経産省は、24年度分からCEV補助制度を大幅に見直した。車両の環境性能だけでなく、充電インフラやアフターサービス体制、サイバーセキュリティーなどに関する「企業の取り組み」と、電費・航続距離などの「車両性能」をそれぞれ評価。全項目を200点満点で評価し、合計点に応じて補助額を決めている。
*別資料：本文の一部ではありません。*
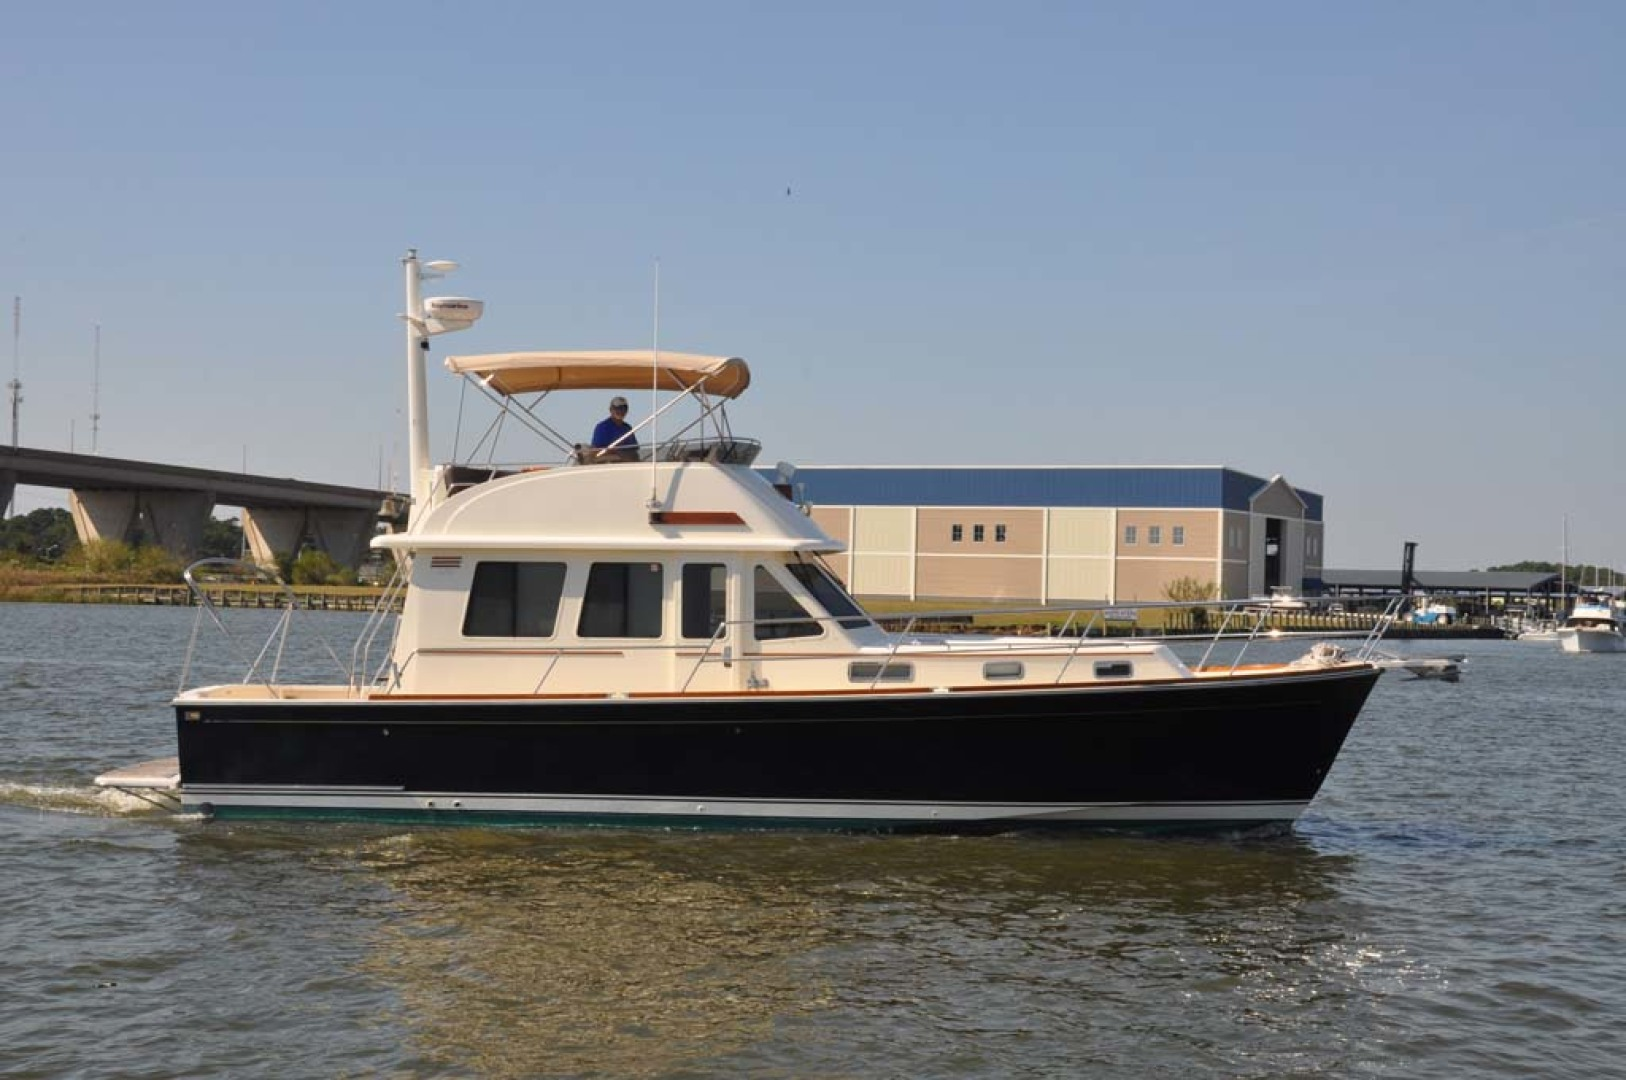 Sabre-42-Sedan-2006-C-Est-Sea-Bon-Grasonville-Maryland-United-States-Profile-1071761

25年度分も同じ枠組みを用いる。既存の評価項目に加え、新たに①重要鉱物の安定確保に関するリスク低減の取り組み②調達先に対する費用の支払い期間③車両や蓄電池の火災発生状況―の3つを追加する。①は評価対象にインバーターを追加するもので、②は取引適正化の一環として盛り込む。③は車載電池の品質や設計の完成度を問うものだ。自動車メーカーに対し、車載電池の品質確保や健全なサプライチェーン(供給網)構築に向けた取り組みを求める。
これらの取り組みに応じ、補助額を決める。補助の上限額は現行制度から変更せず、EVは85万円、軽EVとプラグインハイブリッド車(PHV)は55万円、燃料電池車(FCV)は255万円とした。
また、グリーンスチールなど環境負荷が低い鋼材を計画的に導入することなどを条件に、補助額とは別で最大5万円を追加で補助する。「革新電炉」など、国内製鉄業界のカーボンニュートラル(温室効果ガス排出実質ゼロ)化を側面支援するのが狙いだ。
24年度の補正予算では、CEV補助金の財源として1100億円を確保した。今後、各自動車メーカーから申請を募り、内容を精査した上で、3月中旬以降に新しい補助額を決めて公表する。